• **TO DO**:
With pictures left out, return only the lines from the line containing "a181722-wh BLACK VARIA" through the end of the material below, both included.

### DATA BLOCK

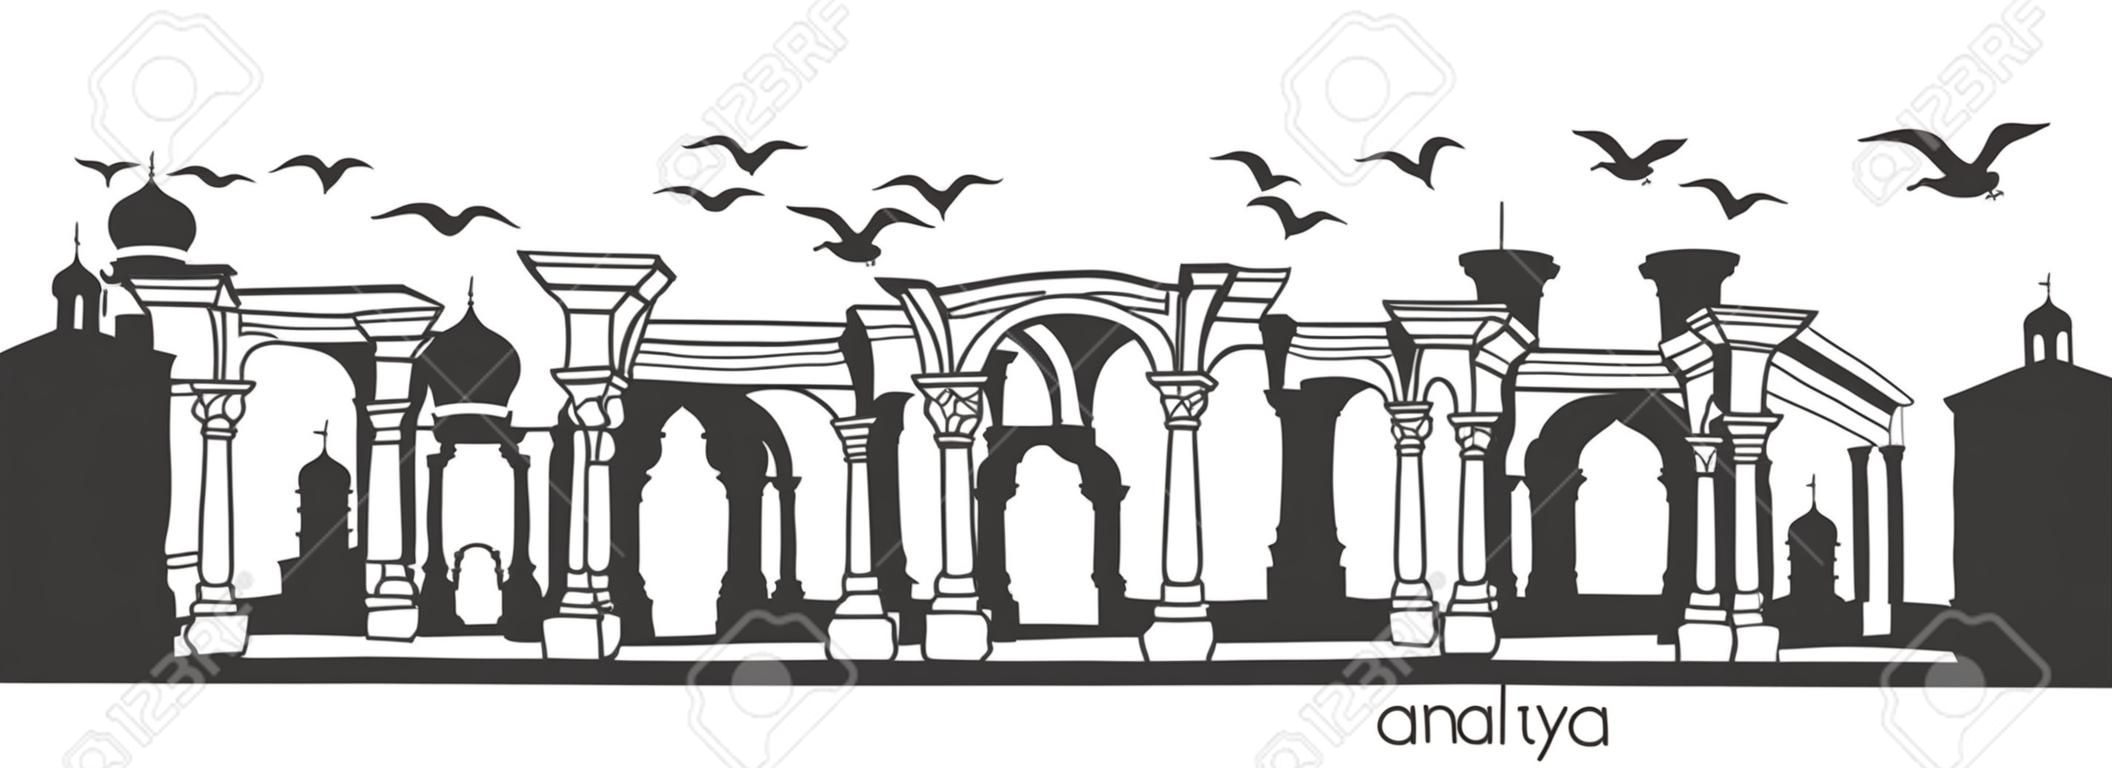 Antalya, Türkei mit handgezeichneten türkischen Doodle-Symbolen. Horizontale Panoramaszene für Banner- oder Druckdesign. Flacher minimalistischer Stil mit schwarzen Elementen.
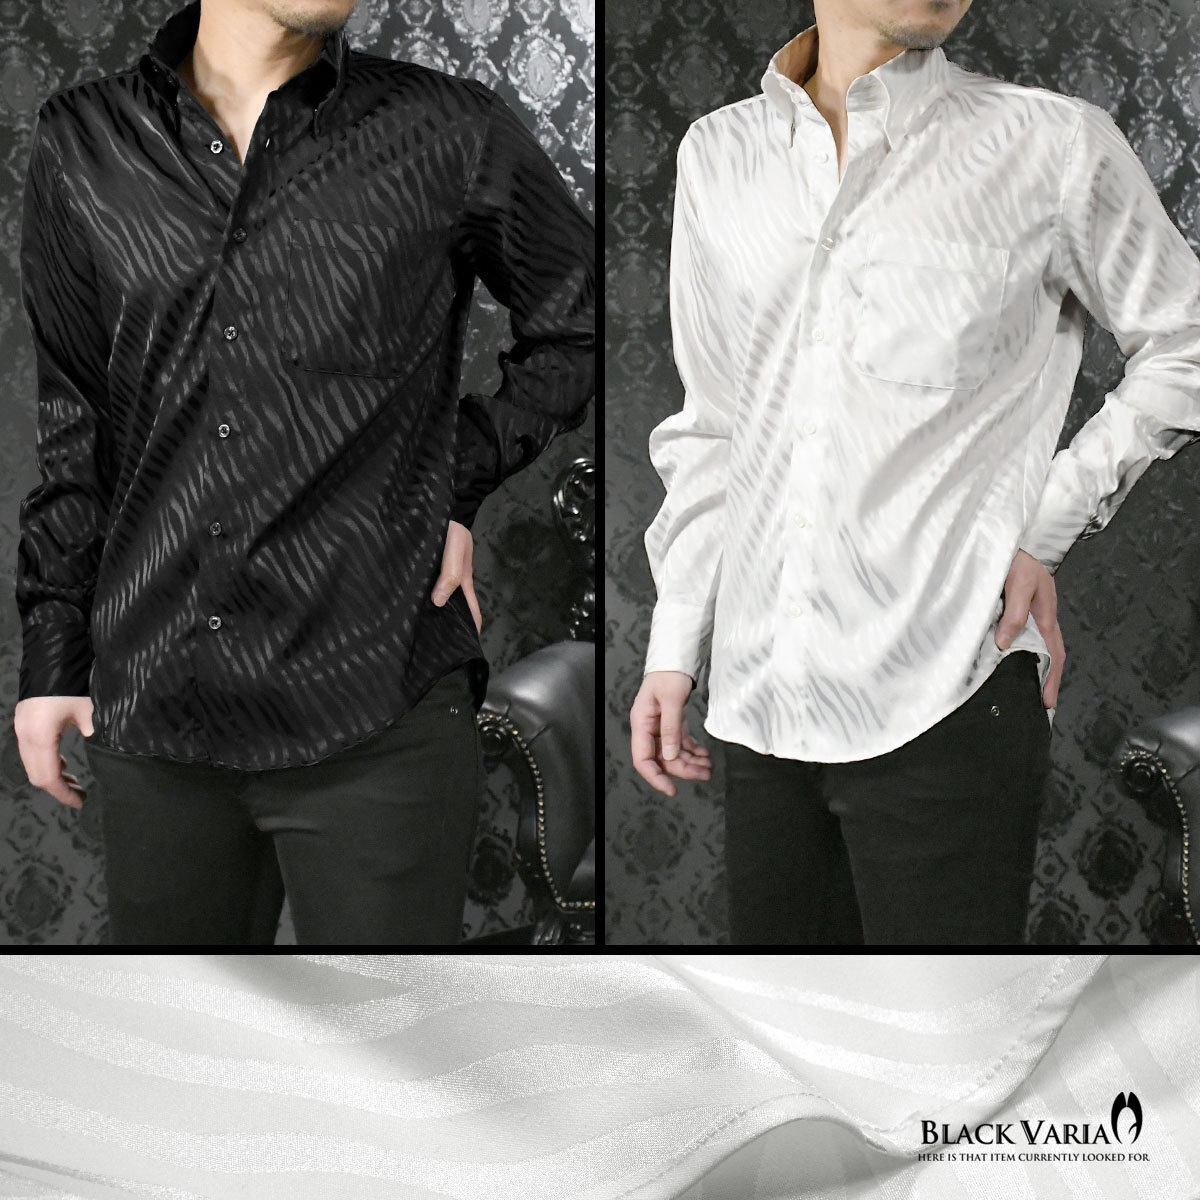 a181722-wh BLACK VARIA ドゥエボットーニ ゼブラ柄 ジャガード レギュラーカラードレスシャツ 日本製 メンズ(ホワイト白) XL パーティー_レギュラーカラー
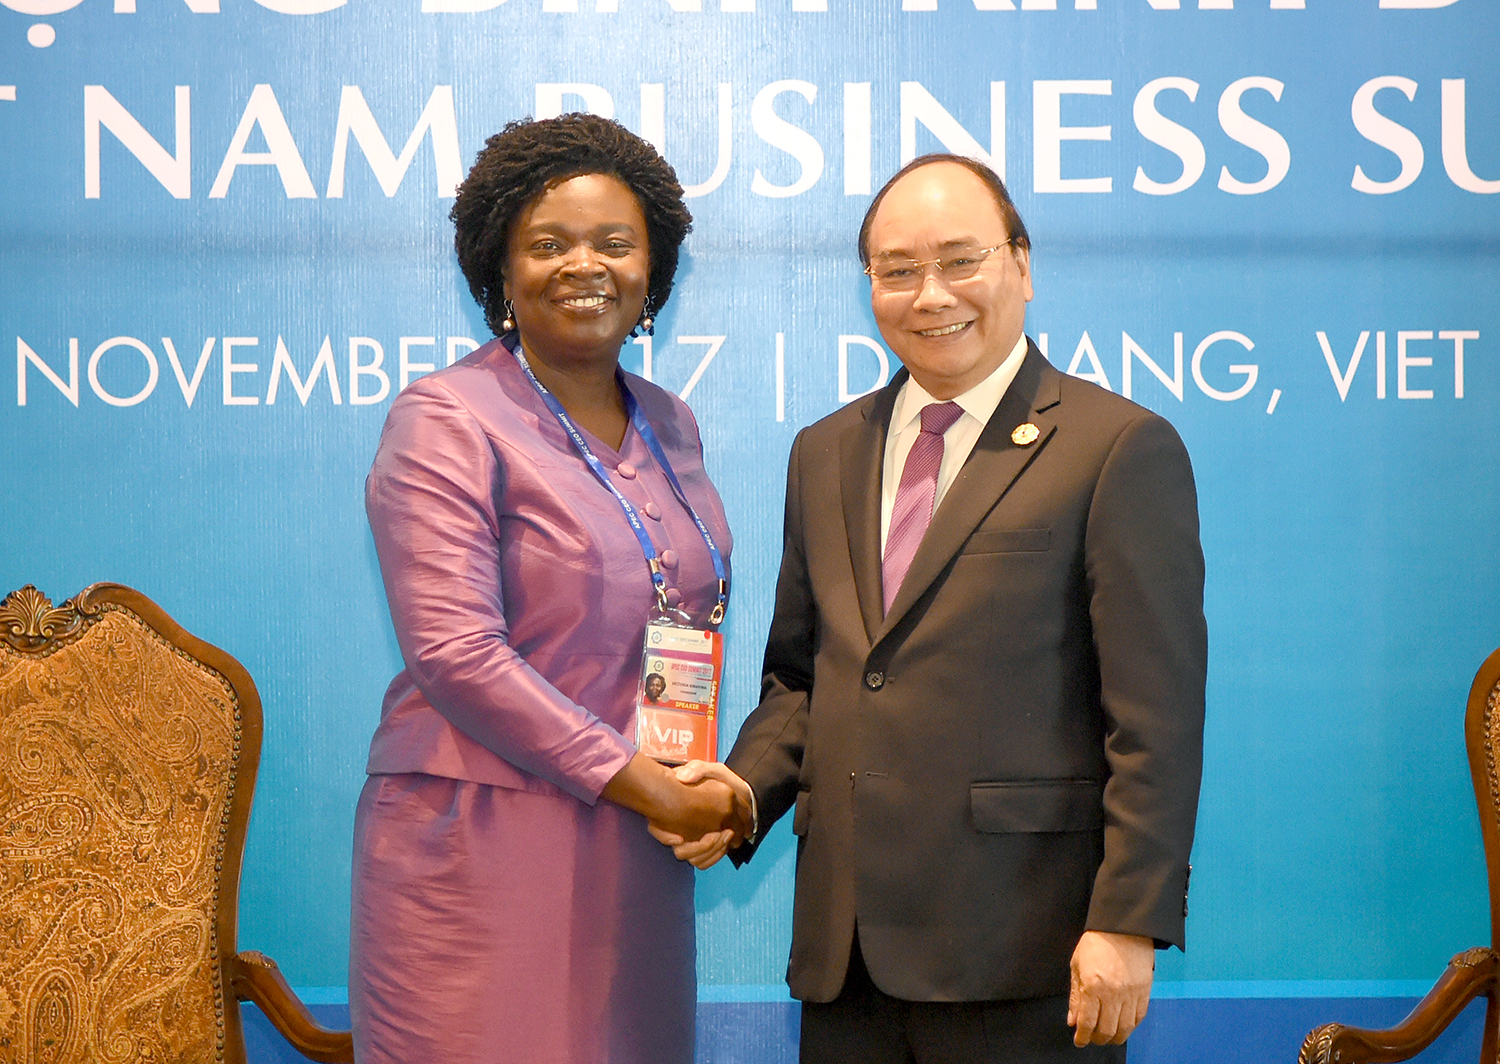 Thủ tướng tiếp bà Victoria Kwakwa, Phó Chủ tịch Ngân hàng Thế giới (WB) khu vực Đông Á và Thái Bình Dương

######

• **WRITTEN REPLY**:
 a181722-wh BLACK VARIA ドゥエボットーニ ゼブラ柄 ジャガード レギュラーカラードレスシャツ 日本製 メンズ(ホワイト白) XL パーティー_レギュラーカラー
 Thủ tướng tiếp bà Victoria Kwakwa, Phó Chủ tịch Ngân hàng Thế giới (WB) khu vực Đông Á và Thái Bình Dương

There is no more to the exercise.